> Problem requirements
Quote the whole listing exactly. Leave the pictures out of your copy.

> Stored data
****

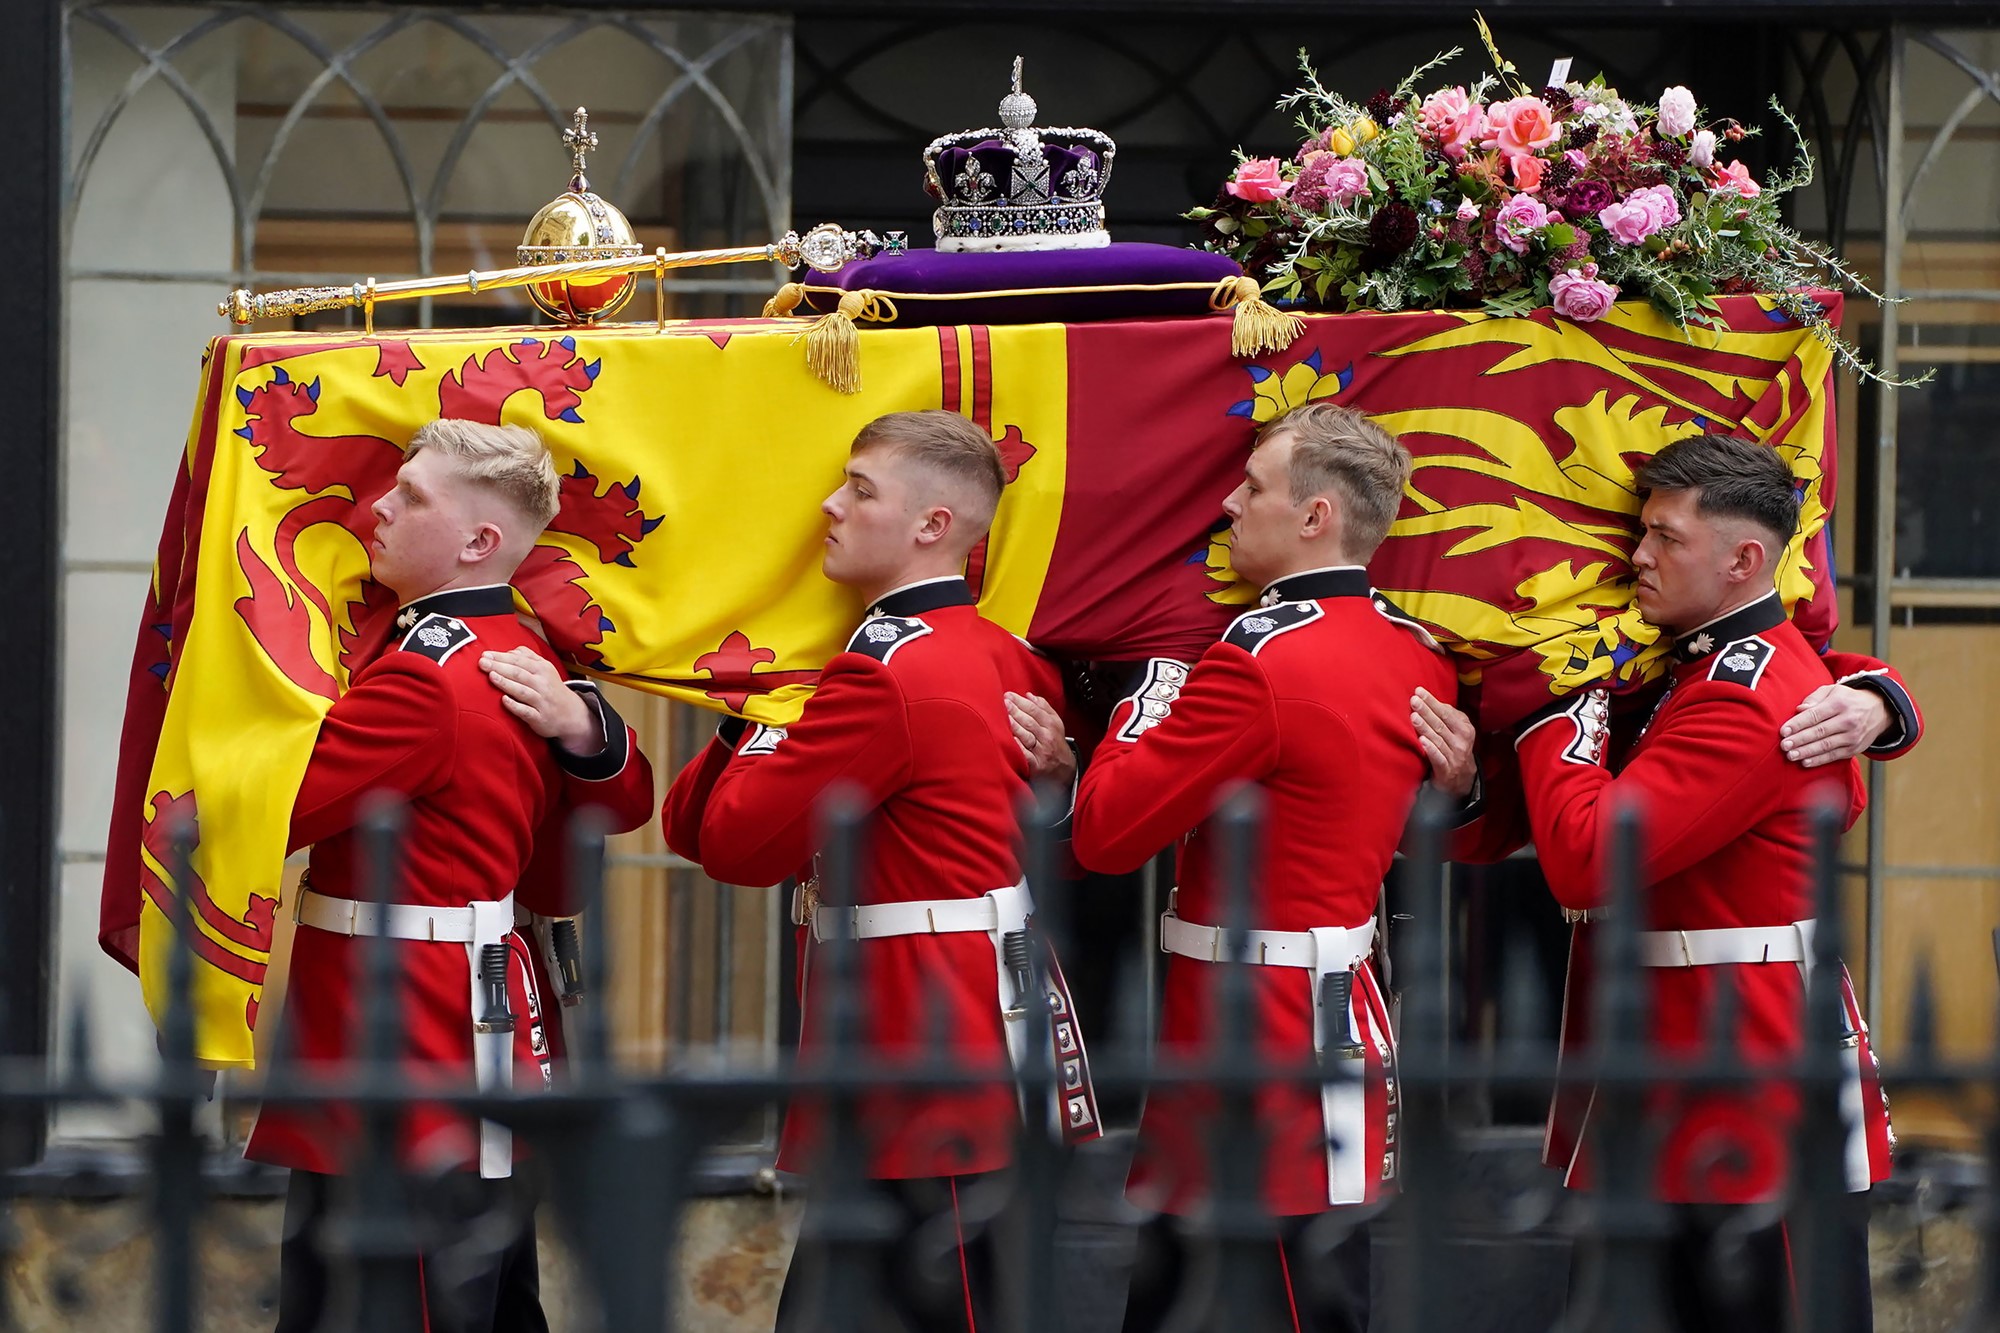 Four pall bearers carry the Queen's coffin
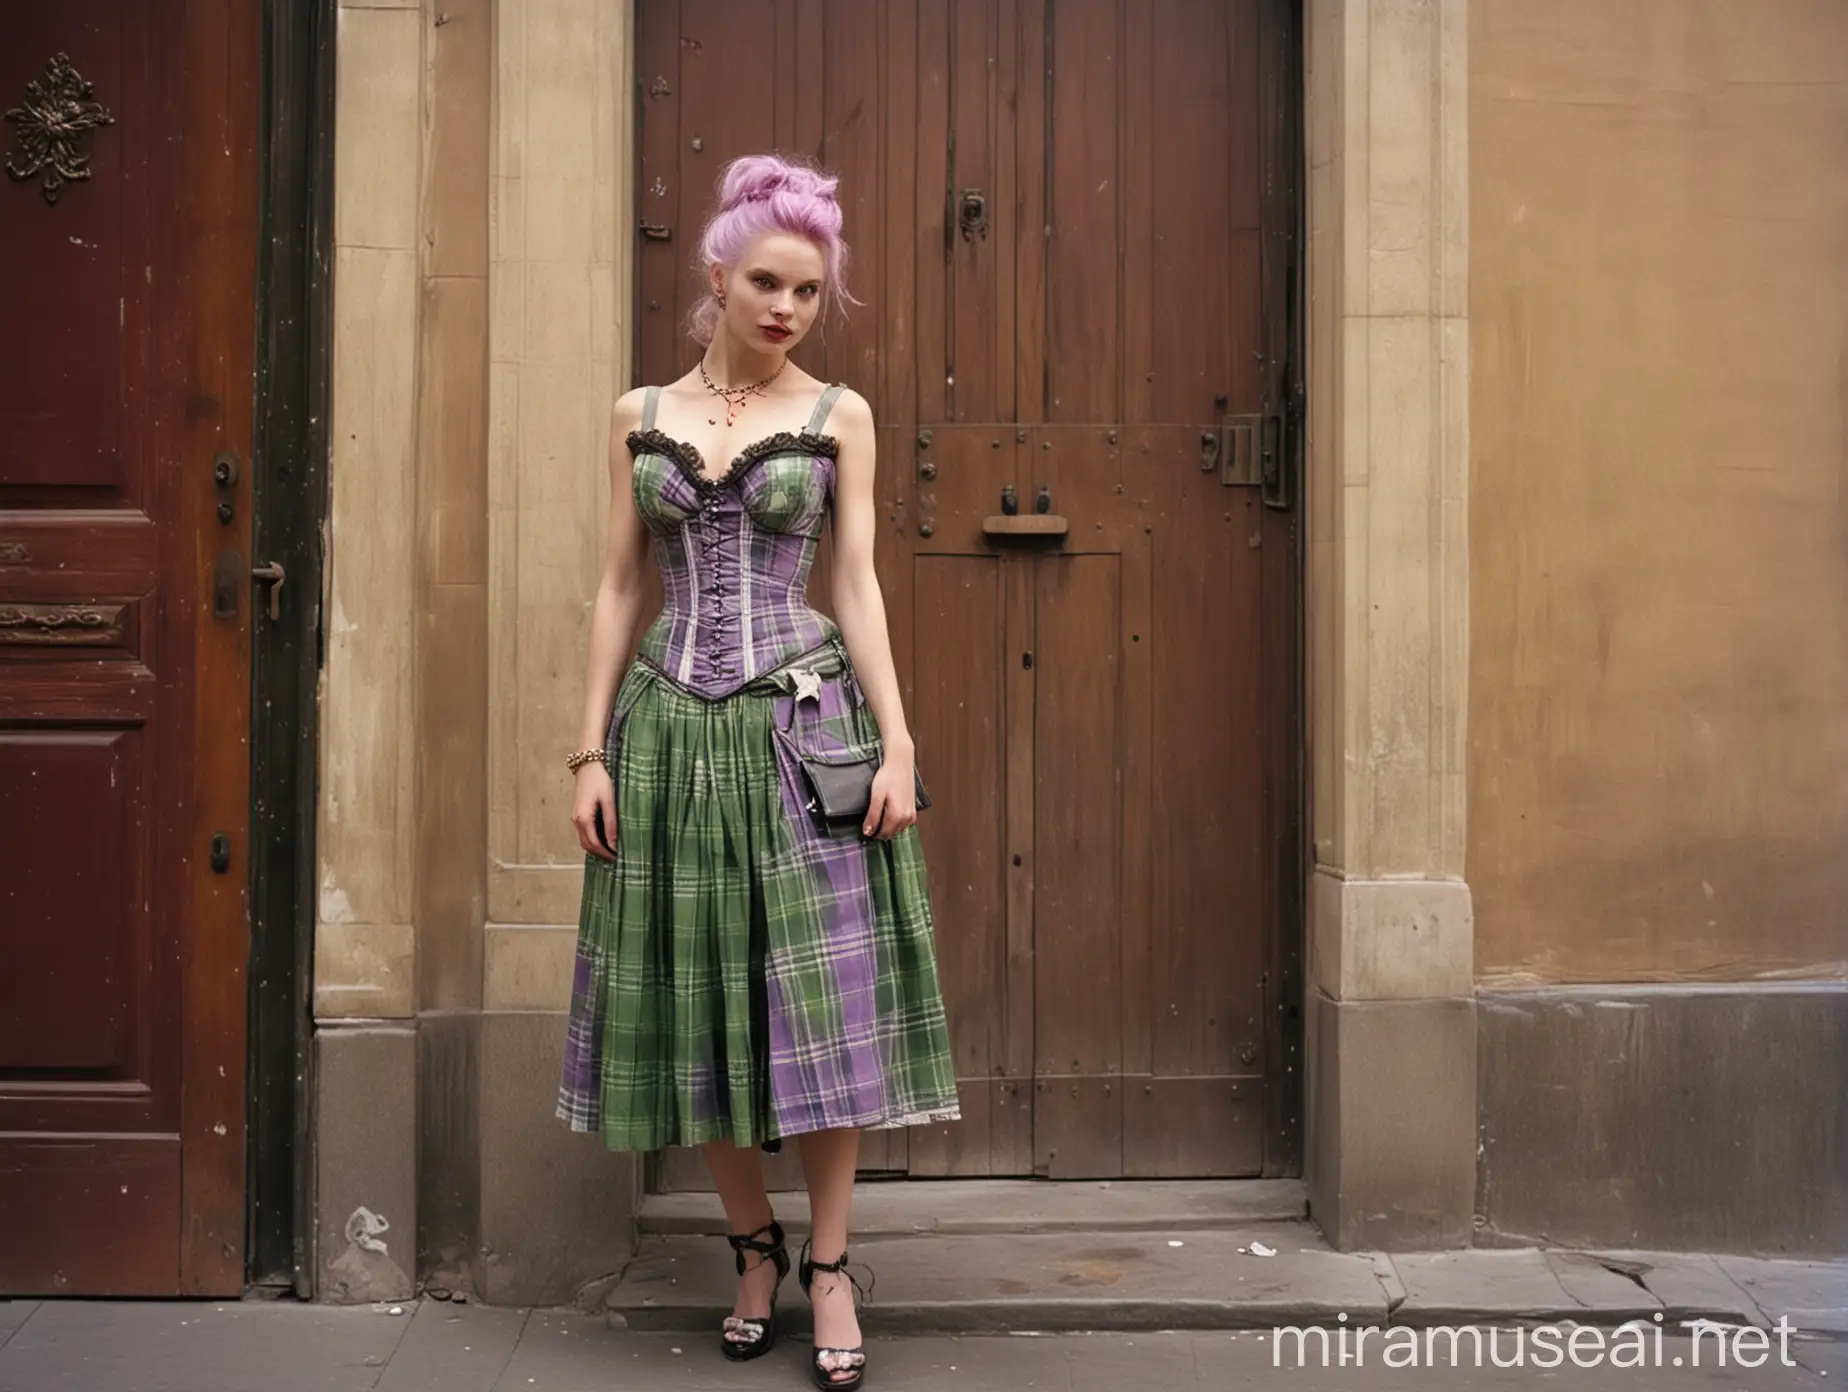 Stylish Woman in Vivienne Westwood Attire Outside Theater in Argentina
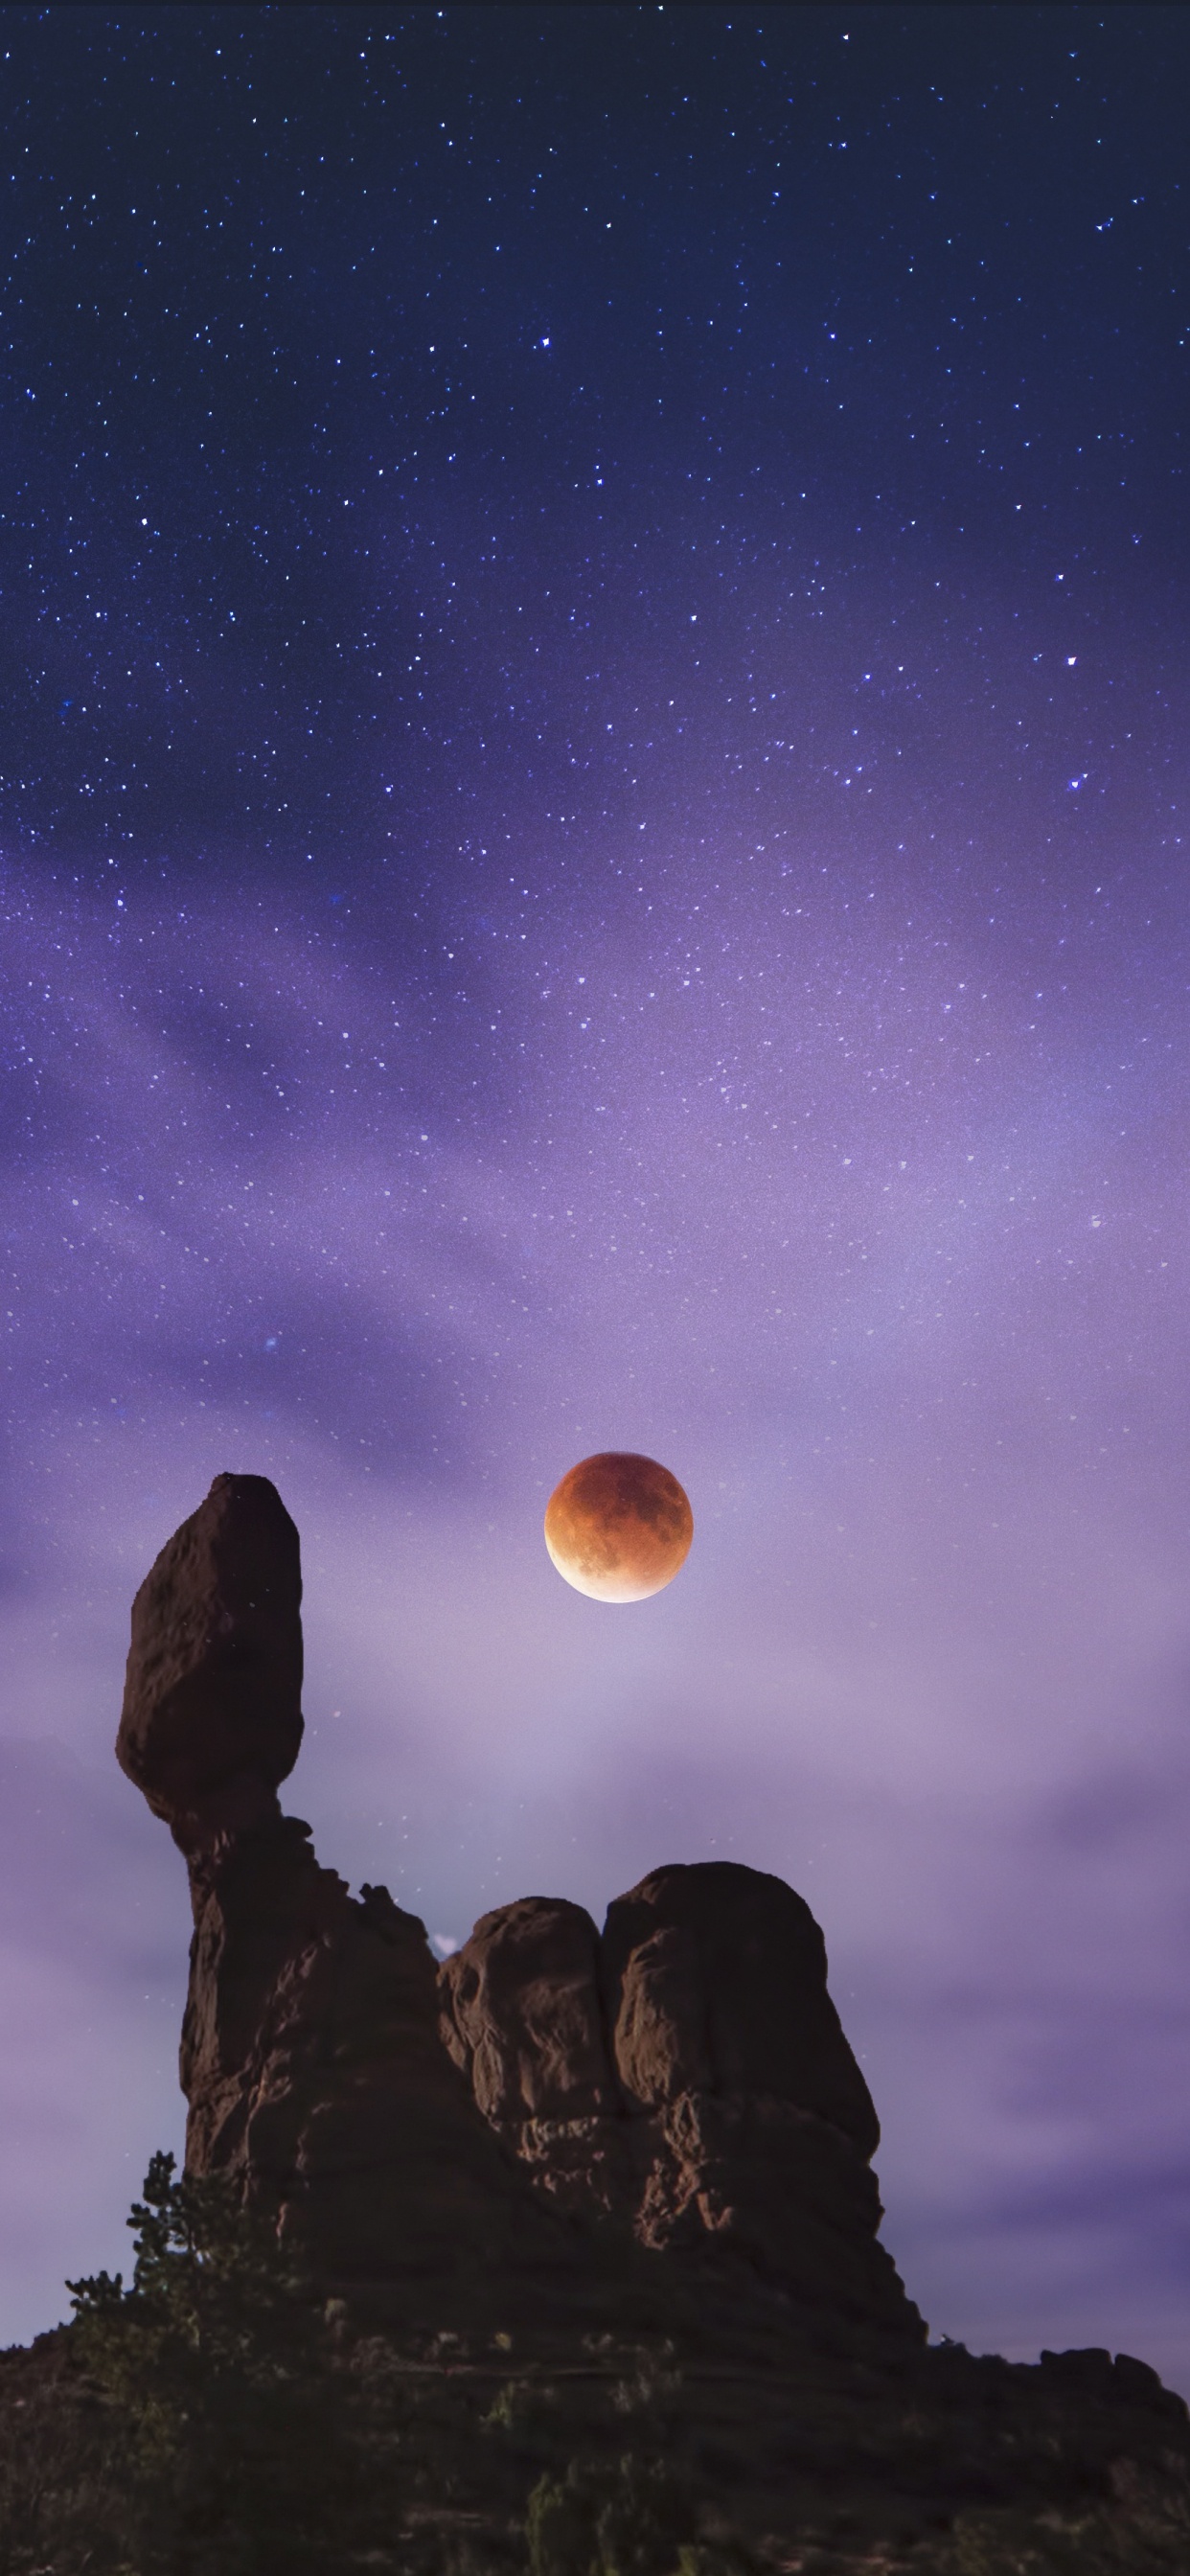 Silhouette of Man and Woman Sitting on Rock Under Starry Night. Wallpaper in 1242x2688 Resolution

****

> Output for this task
 Four pall bearers carry the Queen's coffin
 Stylish Woman in Vivienne Westwood Attire Outside Theater in Argentina
 Silhouette of Man and Woman Sitting on Rock Under Starry Night. Wallpaper in 1242x2688 Resolution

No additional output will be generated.